Явились, в обнимку и в обжимку, виновники торжества. Женечка был великолепен. Яркий кожаный костюм бирюзового цвета плотно облегал корпус, галстук-бабочка топорщился, пестрый и блестящий, будто конфетный фантик. Ирочка — всегда заходившая за Женечкой, считавшим себе за мужское правило только ее провожать, — выглядела, по сравнению с возлюбленным, как бледное пятно. Свои неяркие волосы она накрутила на бигуди, но они все равно висели плоско, вялыми лентами; платьице жесткого тюля казалось мерзлым, сделанным из ледяной шелухи.
«Ну что, дядь-Олег, идете, нет? — проговорил Женечка развязнее, чем обычно, с претензией на равенство взрослых людей. — Присоединяйтесь к обществу! Будет хороший алкоголь, не та газировка, которую преподы поставят на столы. Я финансирую!» «Ты знаешь, я не пью, — ровным голосом ответил Ведерников, попридержав Лиду, прянувшую было отвесить взрослому человеку свой килограммовый подзатыльник. — И вообще, мы только на торжественную часть. Потом пейте, пойте, пляшите, а мы уж домой, по-стариковски».

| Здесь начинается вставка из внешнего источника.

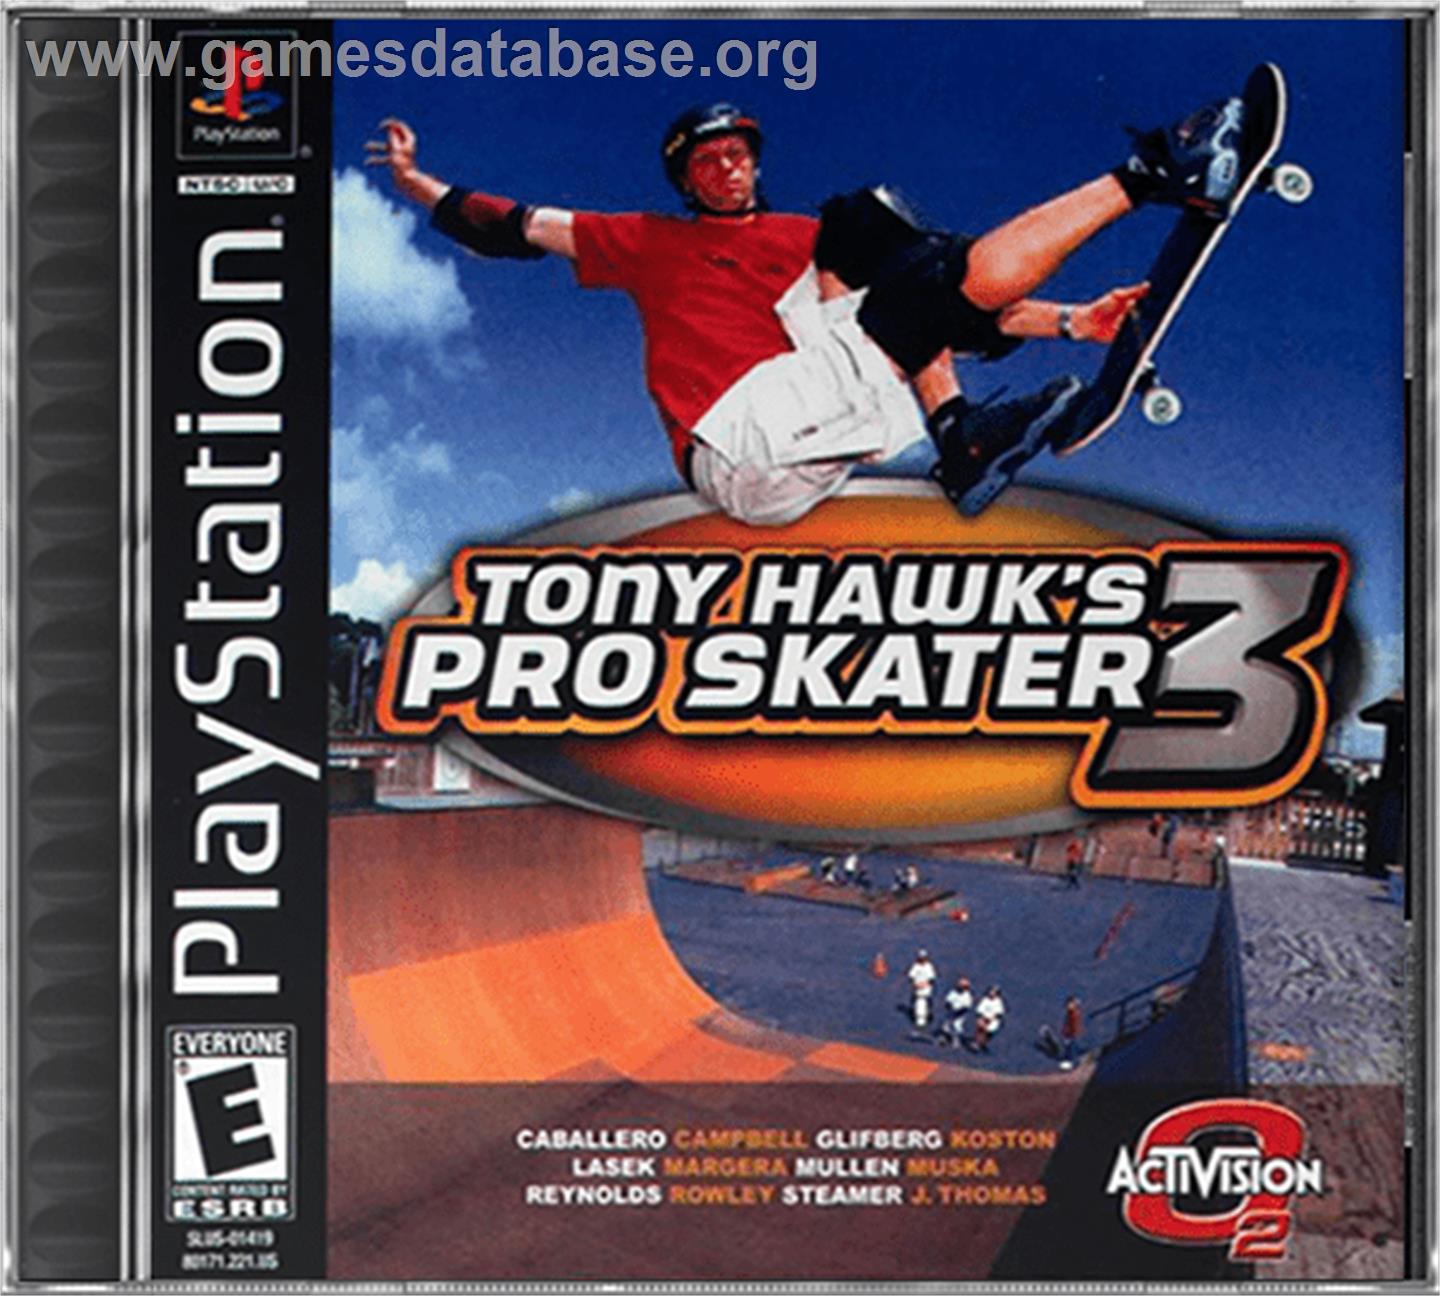 Tony Hawk's Pro Skater 3 - Sony Playstation - Artwork - Box

Торжественная часть вечера сильно затянулась. В длинном актовом зале было душно, высокие ветхие окна не открывались лет, наверное, двадцать, четыре люстры под желтоватым потолком тлели грудами угольев, словно им для горения тоже не хватало кислорода. Маленькая, страшно скрипучая сцена была украшена гроздьями трущихся шаров, в которых, казалось, шло брожение мутного содержимого. Муниципальный чиновник, с дамскими пятнами на щеках и горячим бисером у корней металлических, мелко блестевших волос, говорил пятнадцать минут. Затем он, как и обещал, предоставил слово «нашему уважаемому Олегу Вениаминовичу, нашему, так сказать, эталону и моральному образцу». На это собрание отреагировало вялым плеском, на фоне которого выделялись сочные хлопки, похожие на кваканье гигантской лягушки, — производимые лыбящимся Женечкой, как убедился Ведерников, оглянувшись на зал.

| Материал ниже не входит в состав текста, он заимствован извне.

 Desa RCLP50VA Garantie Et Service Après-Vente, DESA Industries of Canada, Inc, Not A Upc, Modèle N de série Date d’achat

Он сам не помнил, что наговорил в микрофон. Должно быть, он исполнил то, чего от него хотели, потому что повторный аплодисмент был гуще и крепче, а внизу, у сцены, его буквально принял на руки принаряженный, растроганный до теплых слез, педагогический коллектив. Спускаясь кое-как, Ведерников успел заметить, что зал монолитен только в первых десяти-двенадцати рядах, а дальше зияют пустоты кресел, темнеют стоячие скопления «взрослых людей» — и там гуляют по кругу некие стеклянные предметы, подозрительно похожие на винные бутылки.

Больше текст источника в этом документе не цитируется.